Mrs. Grouwels has her own site, where you can read the interview she gave with the daily Het Laatste Nieuws in full:
Q: "Have you been harassed yourself?"
A: "Yes, and my daughter repeatedly, just like her friends. These are young women aware of fashion, with sometimes tight skirts and a glimpse of a bare belly. Immigrant girls are reprimanded if they don't wear a headscarf, but also just because they walk on the streets, or if they dare to laugh among each other. Take the Zuidlaan across the Zuidstation. It used to be a very mixed neighborhood, where many Belgians had shops. Now it is a quarter where immigrant shops dominate, which are controlled by a certain type of men. They watch from cafes who passes and intimidate women. Gradually these disappear from the street. There is an atmosphere of intolerance. Women can't dress the way they would like to. Well, we are fed up being called whores because we are not dressed the way certain men would like us to be. It is an offensive and disrespectful attitude towards women."

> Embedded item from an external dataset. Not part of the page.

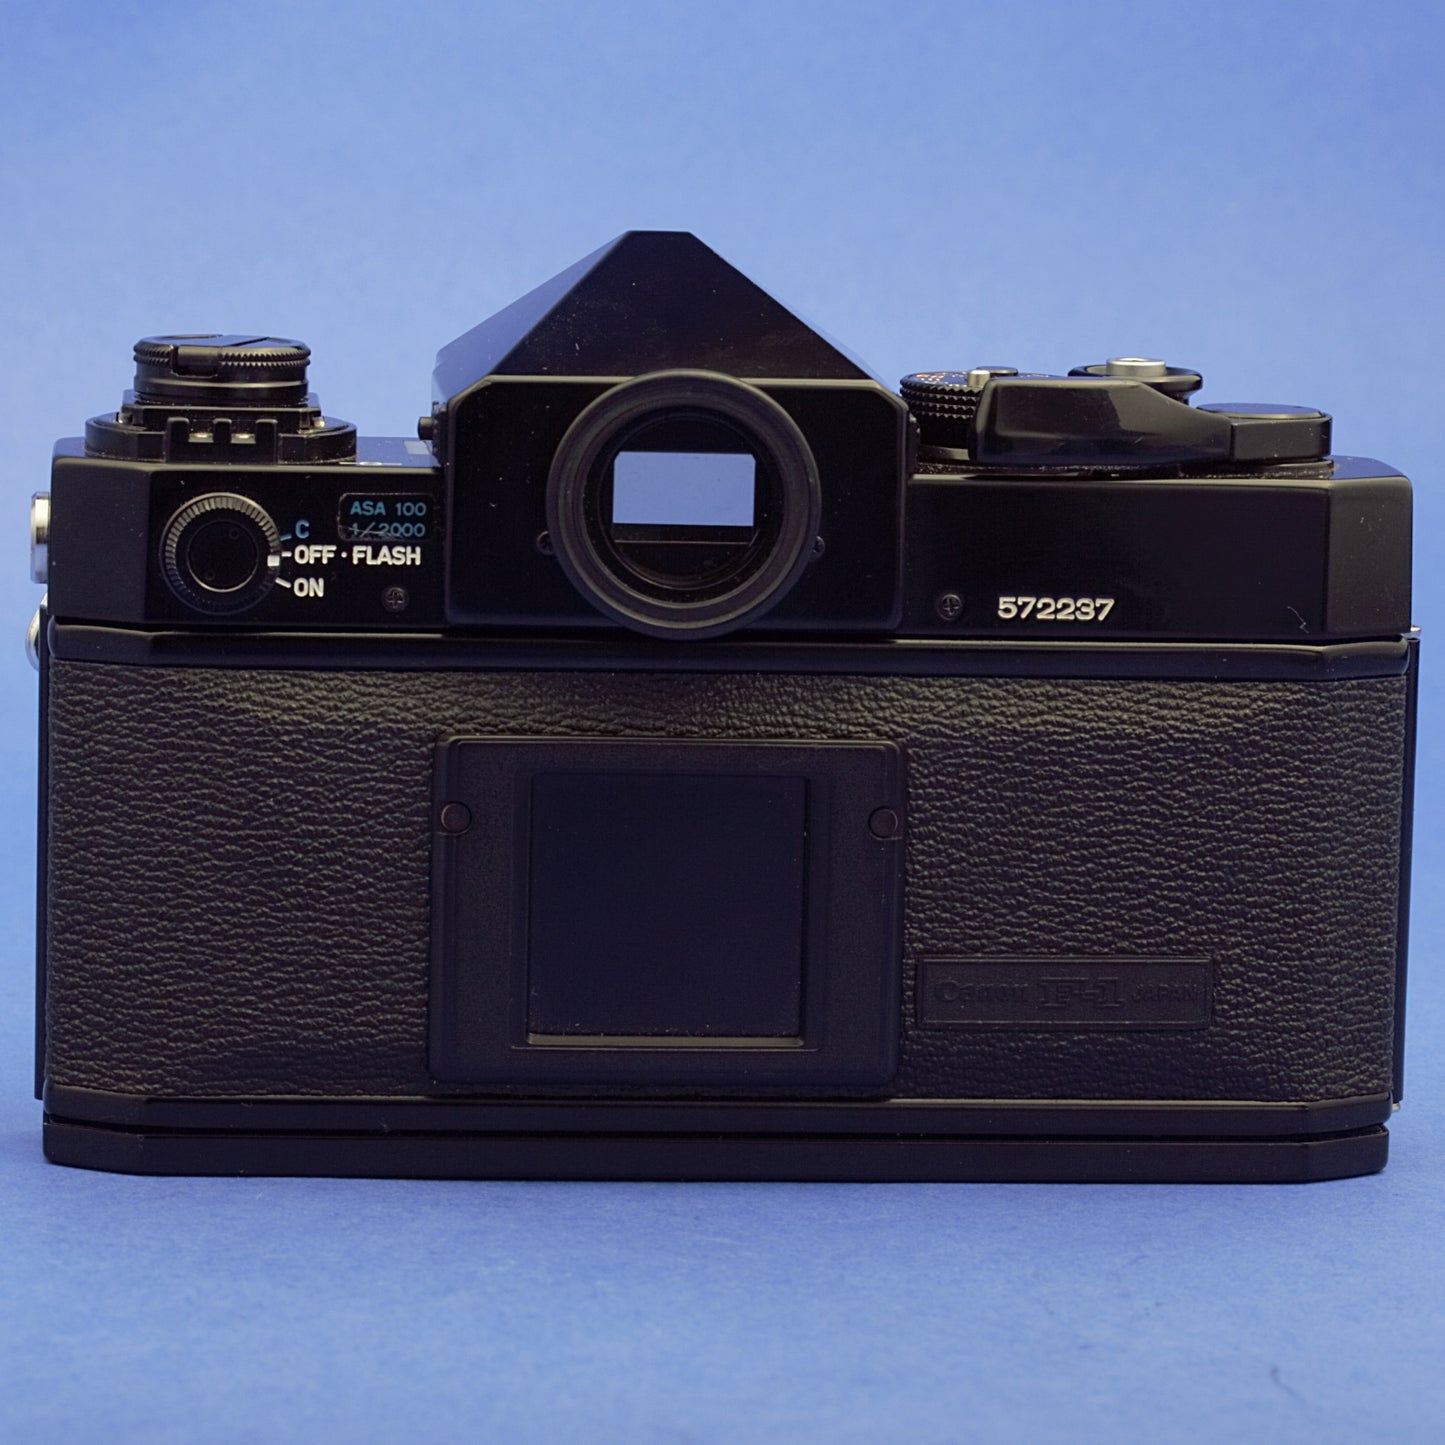 Canon F-1 Film Camera Body Near Mint Condition

Q: "What do these men say then?"
A: "Remarks like you don't belong here, how are you dressed, you are a prostitute. It is no longer only along the Zuidlaan, but there it strikes that less and less women walk on the streets. It just as well happens in Sint-Joost, in Molenbeek, in Schaarbeek, when they shop along the Louizalaan (Avenue Sainte-Louise) and very frequently on the tram. Respect is extremely important in those men's culture. Well, we demand respect for ALL women. It is a form of verbal violence, which is very annoying. There are women who say that if we don a headscarf, we are no longer called names. Well, that's a step too far."

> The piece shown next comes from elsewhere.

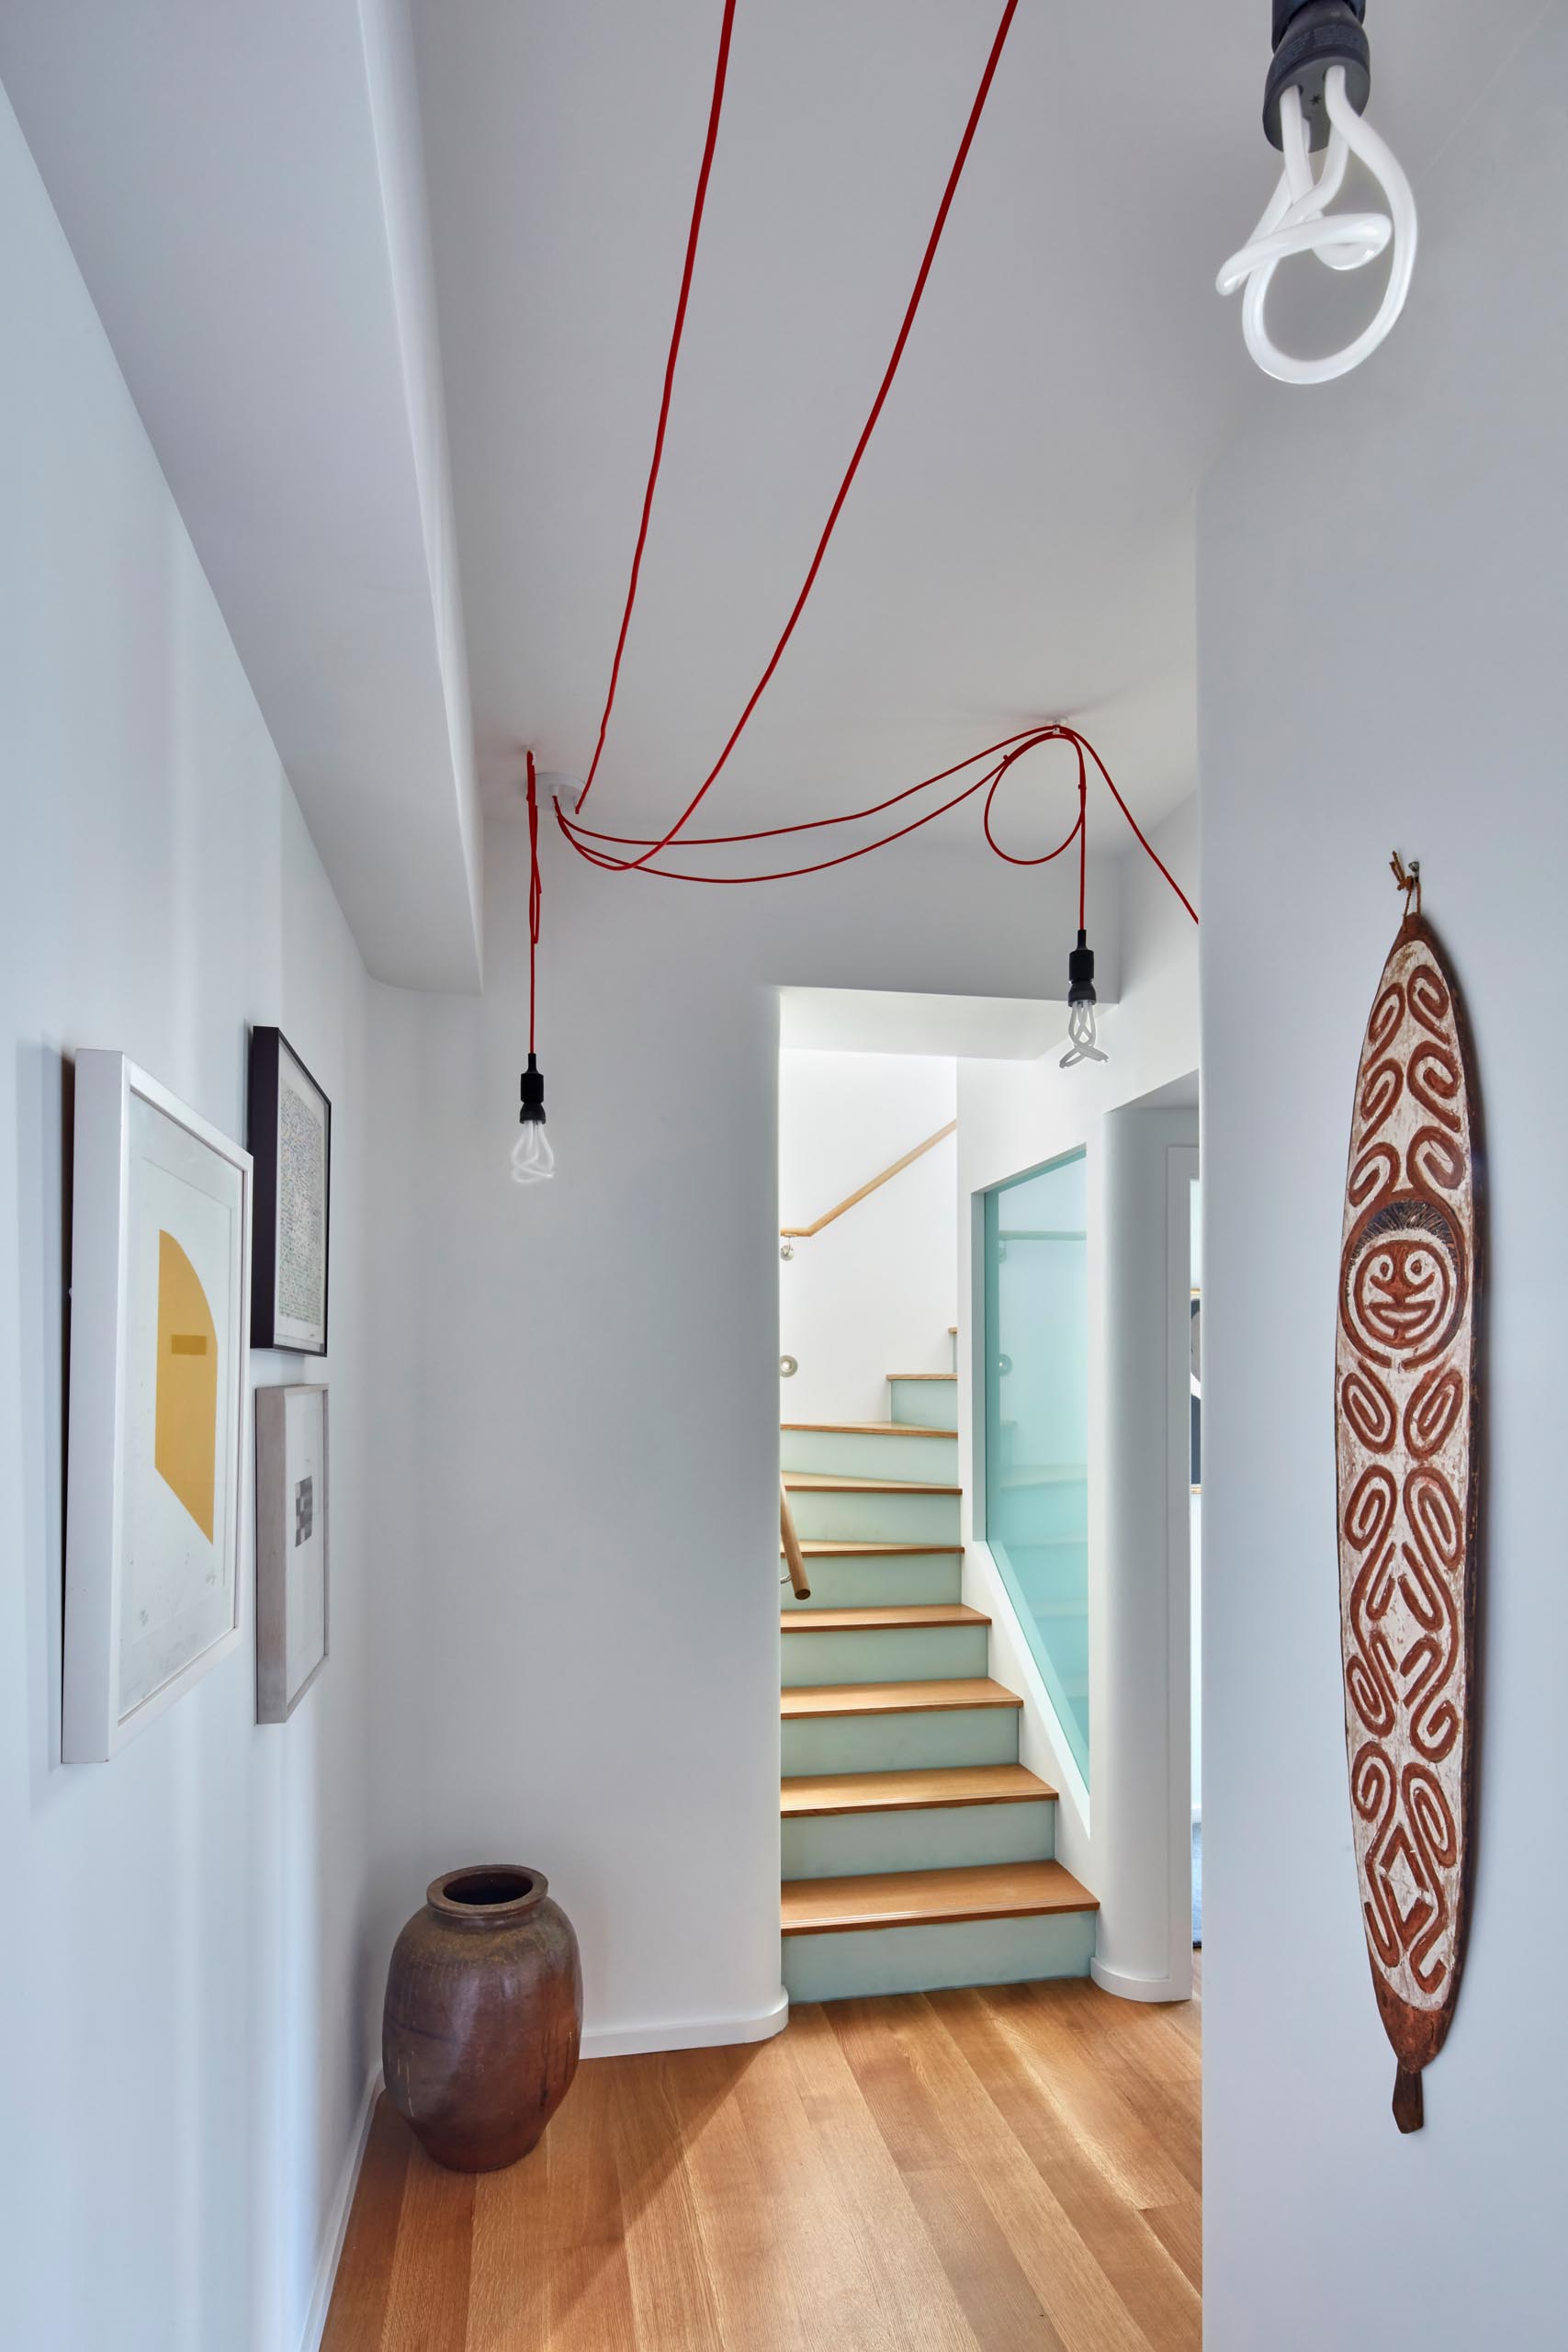 Лестница с деревянными ступенями ведет в коридор с произведениями искусства.

Q: "It's the Belgians who have to adapt to the immigrants?"
A: "That's it yes. Women must be able to walk day and night on the street in safety. We have not fought 50 years for our emancipation just to be beaten back in time. We don't want that in a single quarter of Brussels."
Q: "Who are those men?"
A: "They are mainly Moroccan youths, who think that they have the right to impose their rules on girls. With Turks it's similar, especially in their own commmunities, but it is just as well unacceptable. They must also have the right to dress the way they like."
Look, it's not that I like to post those things. In fact I hate it. I have a company to run and I had better spent the last hour on doing some necessary paperwork. But I think it's of paramount importance that everyone who cherishes freedom ought to know what is happening in Europe. Because it's not in Brussels alone. If the usual multiculti dorks show up, throw them stories like these in their faces. These assholes are going to let it come to the point of no return, and then it's too late.
Mind you, Mrs. Grouwels is not someone whom you would categorize in the Belgian rightwing political sphere, certainly not the quarter occupied by the Vlaams Belang. In fact, the remedy she proposes: an action plan with a sensitive approach costing 670,000 EUR to make people aware and "reach out" to immigrants, is purely socialist by nature: throwing money away while avoiding to step on sore toes. So when a lady like her bluntly says this like "Gradually these (women) disappear from the street" and "but there it strikes that less and less women walk on the streets", bells ought to ring.